The numbers here are a bit noisy due to low sample size, but in general whenever I’ve asked variations on this set of questions, the number of correct votes roughly increases with the difficulty of the problem, before hitting a ceiling when the difficulty is too high, and slowly decreases with that difficulty.
It seems that people enjoy voting falsely when nobody could possibly mistake their vote for proof of actual idiocy. If your friend says 1+1=3, you probably take this as evidence for their jovial rakishness more than for their failure to pass kindergarten. But if they get (4+6)-8 wrong, well, I dunno. Probably they’re not that bad at math, but… they might be?
But this troll streak is not an absolute rule!

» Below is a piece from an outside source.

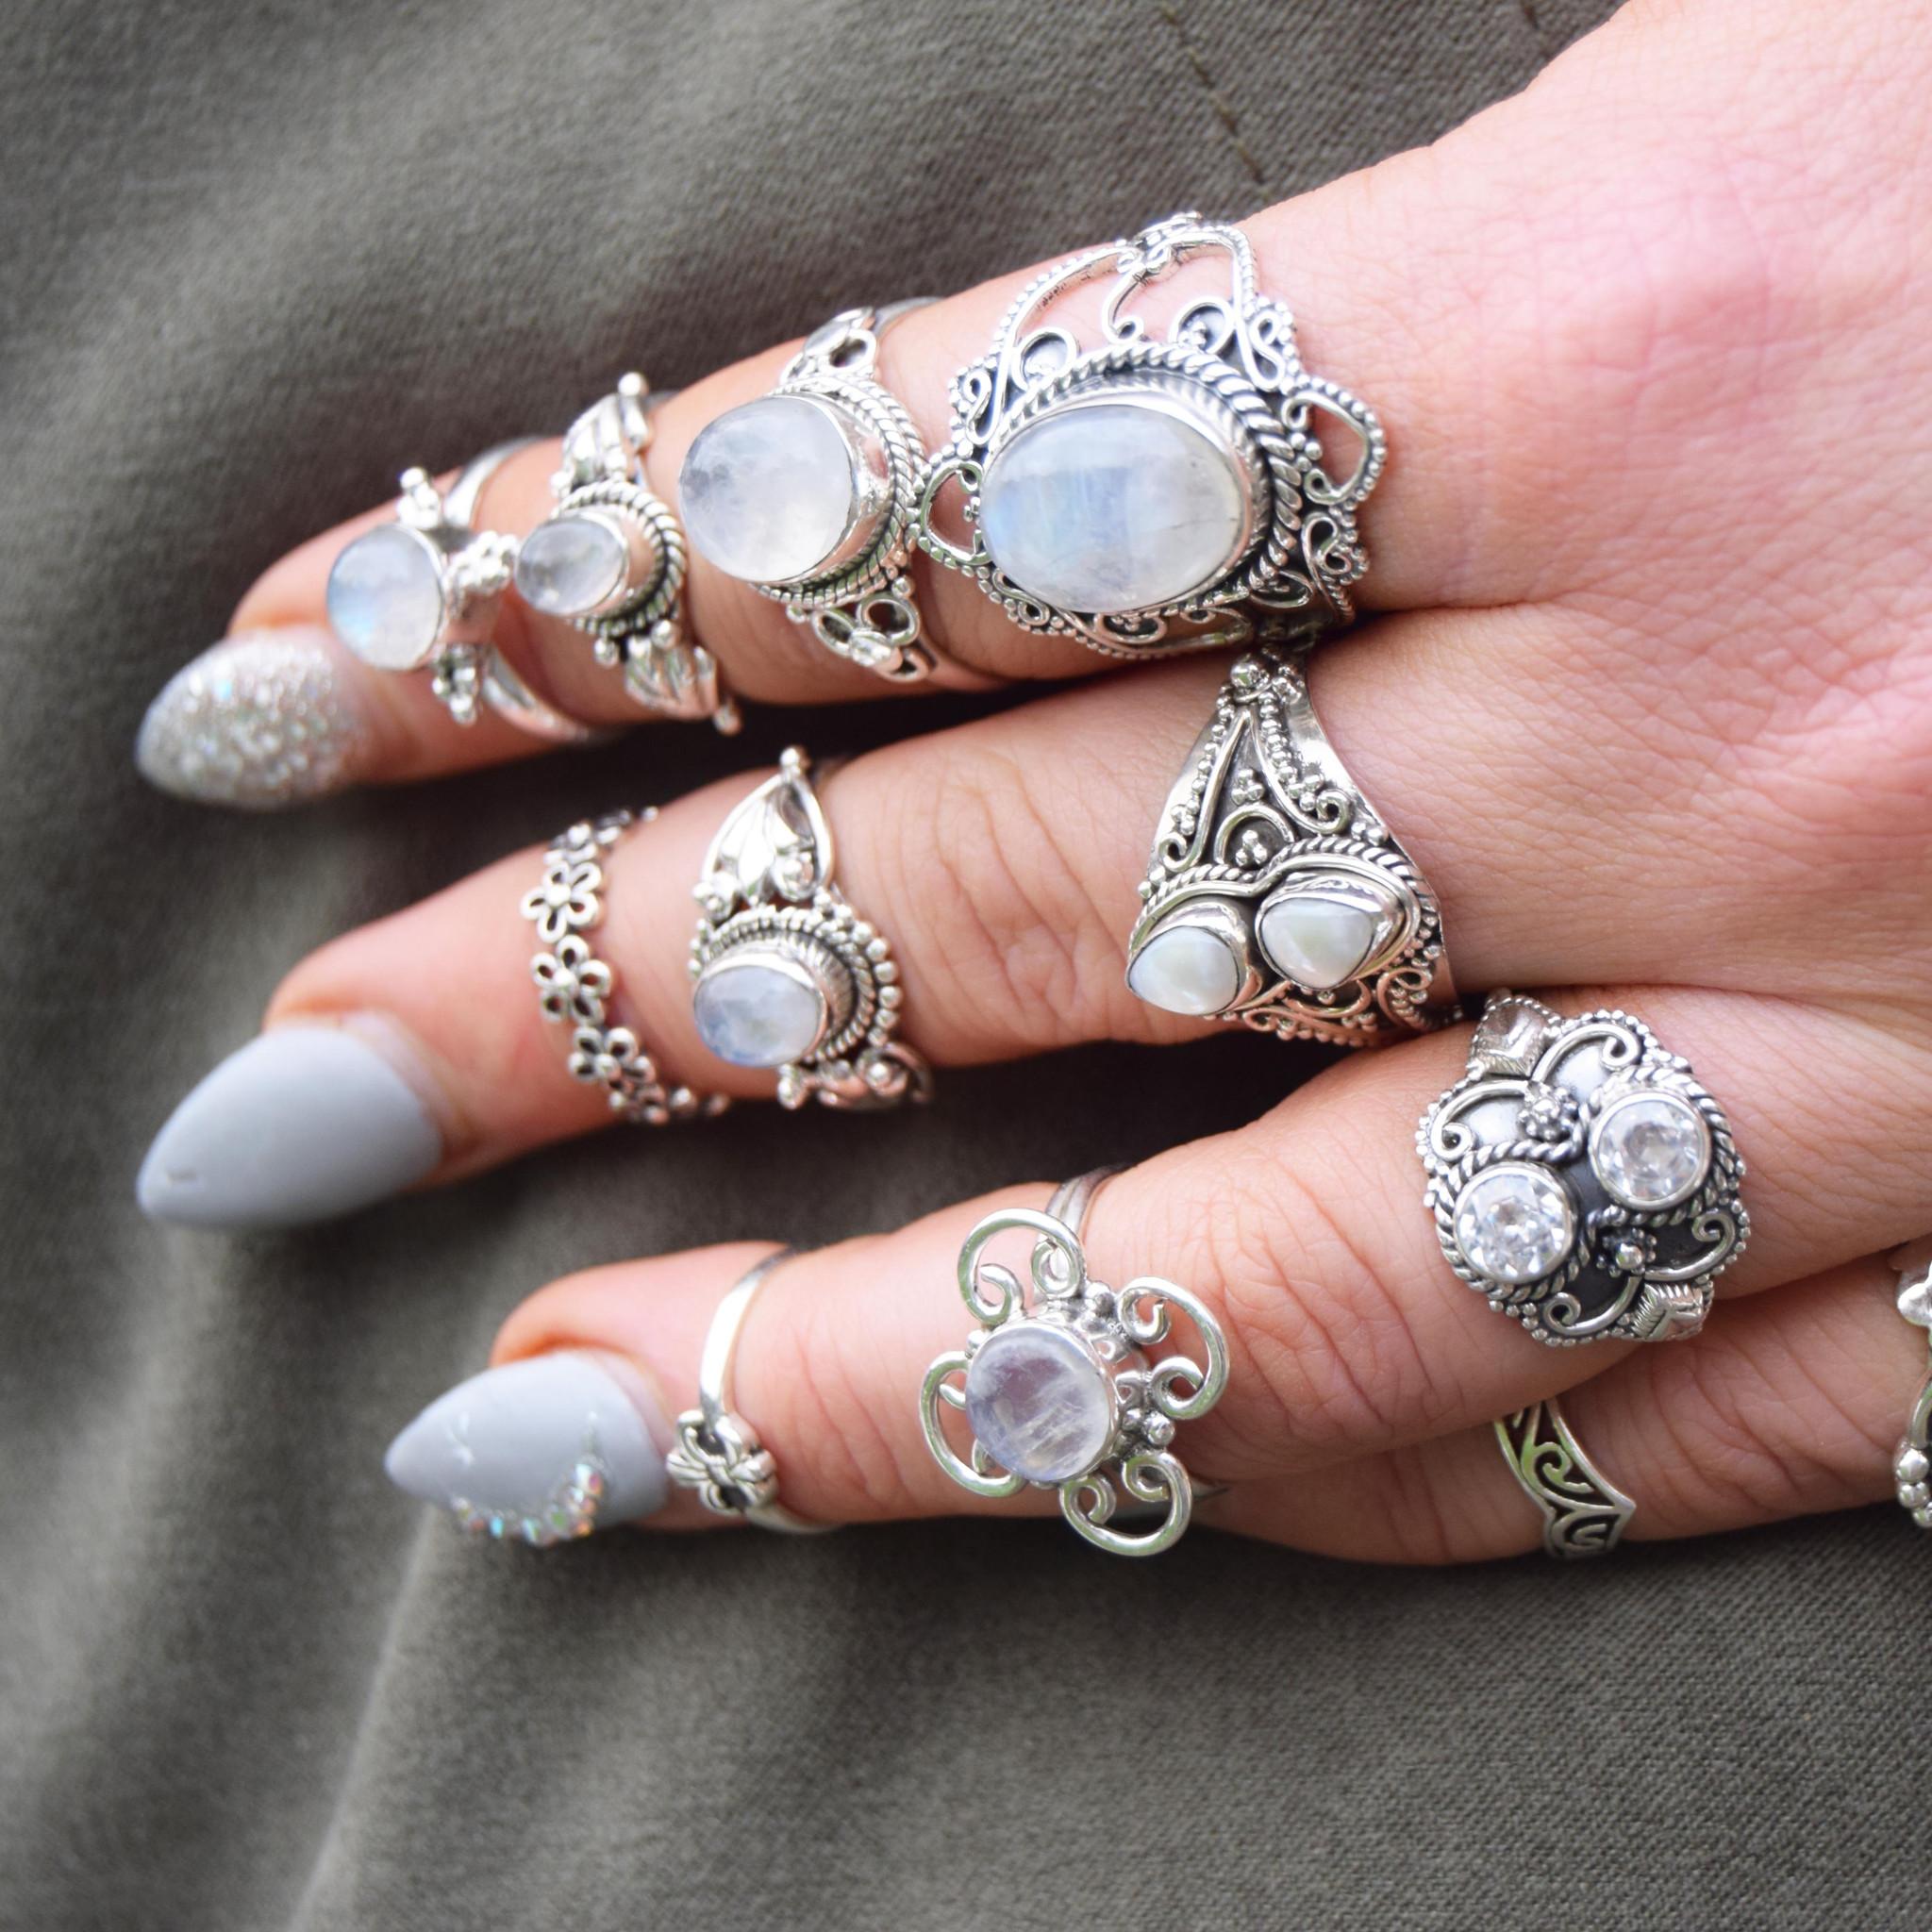 Silver boho rings

I ran a survey - a survey proper, not a twitter poll. For my Fancy Survey, people had to click on a link and visit a webpage where they input their age, and ethnicity, and level of education, and gender identity, and a bunch of boring stuff. Then they got some questions including political views, and some about sexual preferences (a thing I survey often). Then they got one or two of the math questions, at random. Around 170 people answered each math question.
Here’s how they did:
Basically: inside the survey, the accuracy mostly decreased with the difficulty of the problem. The troll effect seems to be completely gone here.
It’s interesting that the least-accurate question for twitter was 19-17 instead of 1+1. My guess is that 1+1 should have been even less accurate, but there was a whole angry debacle a year or two ago over 2+2=5, and by answering 1+1=2 people are signaling they don’t agree with the liberal math nonsense. 19-17, though, has no such controversy associated with it, so people feel more free to troll.
Let’s try another one: Agree or disagree - “A VCR is a good place to store a peanut butter sandwich”
I don’t think a VCR is a good place to store a peanut butter sandwich. I might go so far as to venture that my opinion is also the correct answer to this question.
61.4% of twitter users voted correctly here. And in my Slightly More Professional Survey, this jumped to 81% of responders.
Let’s check a compliance test:
73 vs 90%, beautiful.
So far most of these questions have been easy, where there’s an obvious answer, and people have to choose whether or not to click the obvious answer. They know they’re being tested, and there’s a tension between “do I do what the tester wants, or do I fuck around.”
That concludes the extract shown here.